There were differences between cooperating with China’s Ministry of Public Security and with the police forces in democratic nations, said Brady.
China’s police – the Ministry of Public Security – was also China’s central authority responsible for counter-intelligence, dissident-suppression and counter-terrorism, with an external role to hunt opponents of the CCP as well as immigration and other duties, Brady said.
“So, if you’ve got Chinese police embedded in your country, you’ve got spies,” Brady said.
Brady cited a 2025 report on Samoa published by a Czech Republic-based research organisation, Sinopsis, which found that police cooperation had become “a central pillar of China’s expanding dual use presence in the Pacific,” with Beijing aiming to set up a cross-Pacific policing network in parallel to the existing order. Many interactions remained unpublicised, according to the report, where Brady was a co-author.

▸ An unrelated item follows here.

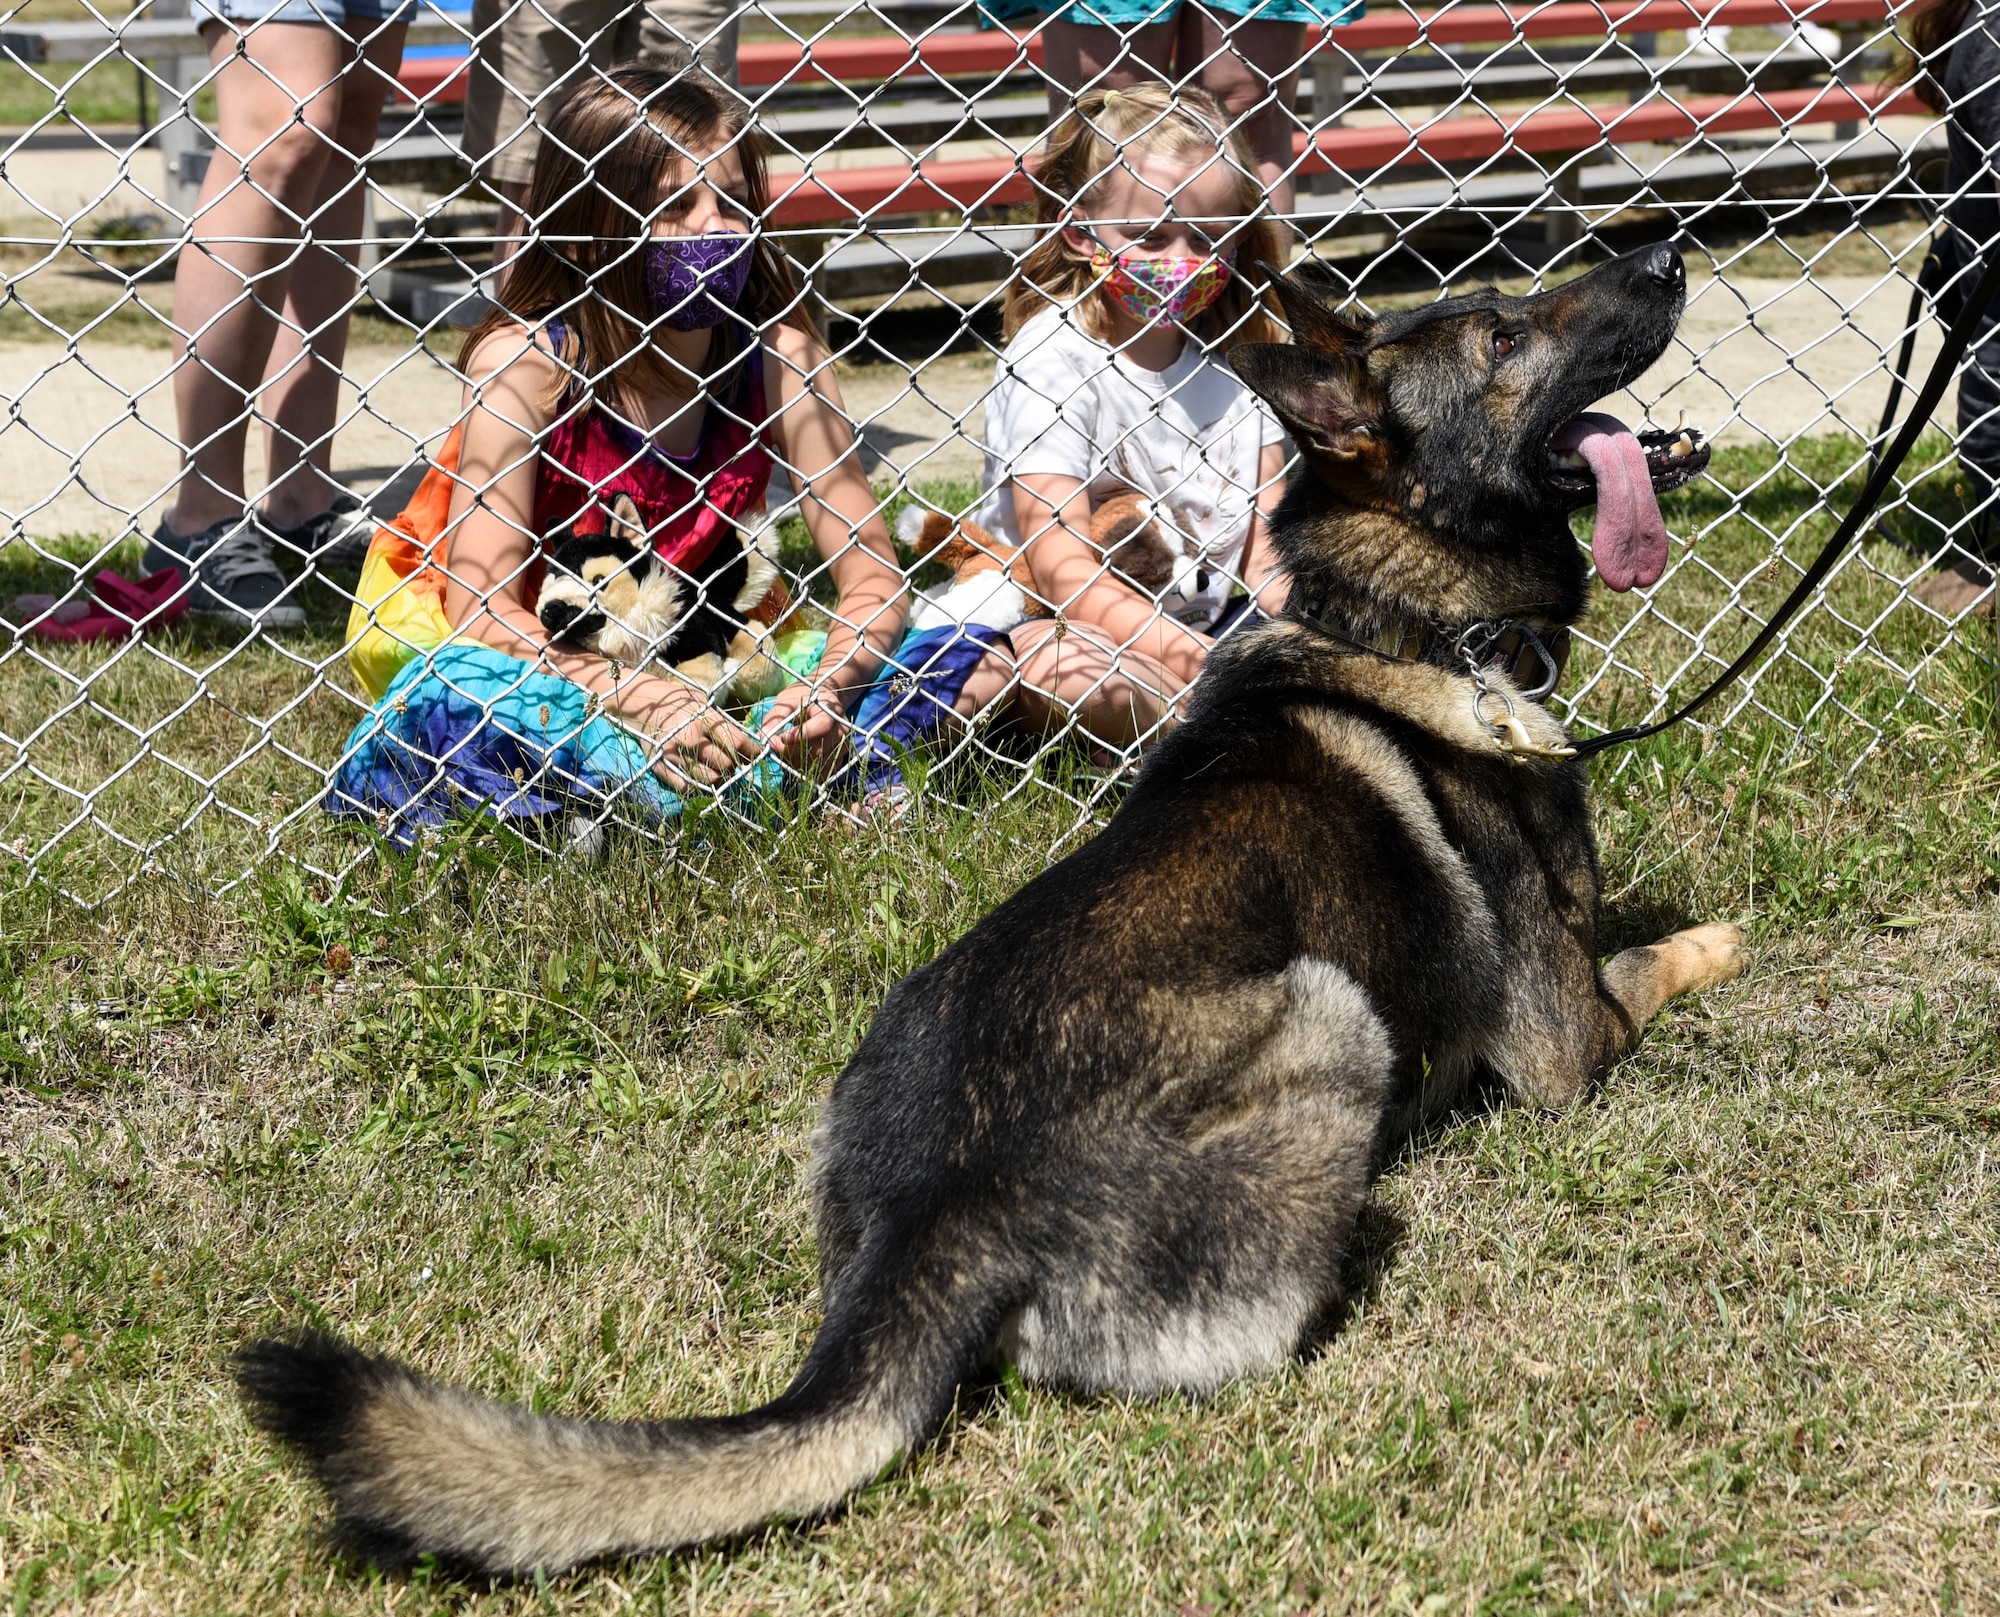 U.S. Air Force Military Working Dog Axel rests by children after training at Spangdahlem Air Base, Germany, July 22, 2020. Axel performed a variety of different intruder exercises during the demonstration hosted by the 52nd Security Forces Squadron MWD handlers for Spangdahlem AB families. (U.S. Air Force photo by Senior Airman Melody W. Howley)

Efforts to contact the Ministry of Public Security in Beijing by telephone, through a number listed on the ministry’s website, failed, with the number apparently not operational.
Pacific states have agency
Like Comolli, Brady said that Pacific Island states, though small and in need of a variety of law-and-order support, were exercising agency to push back against China’s expanding police presence, albeit unevenly, and that there was a real need on the ground for assistance.
But across the region, she said, “the weakest links are the Solomons, Kiribati and Vanuatu. All the others have understood you can’t go too far with this.’
Newsweek contacted the Vanuatu government for comment. An email to Kiribati’s Ministry of Justice bounced back.
China’s efforts were bumping up established partners such as Australia, sometimes in tense ways, according to Comolli’s report.
“Interviews conducted for this report include accounts that Chinese Police Liaison Team personnel have, in some instances, sought to discourage or intimidate law enforcement advisers from other 4 countries from operating in the same environment,” the report said.
“While such behaviour is not uniform, it signals a willingness in certain contexts to compete directly at the operational level, rather than simply coexisting alongside traditional partners,” it said.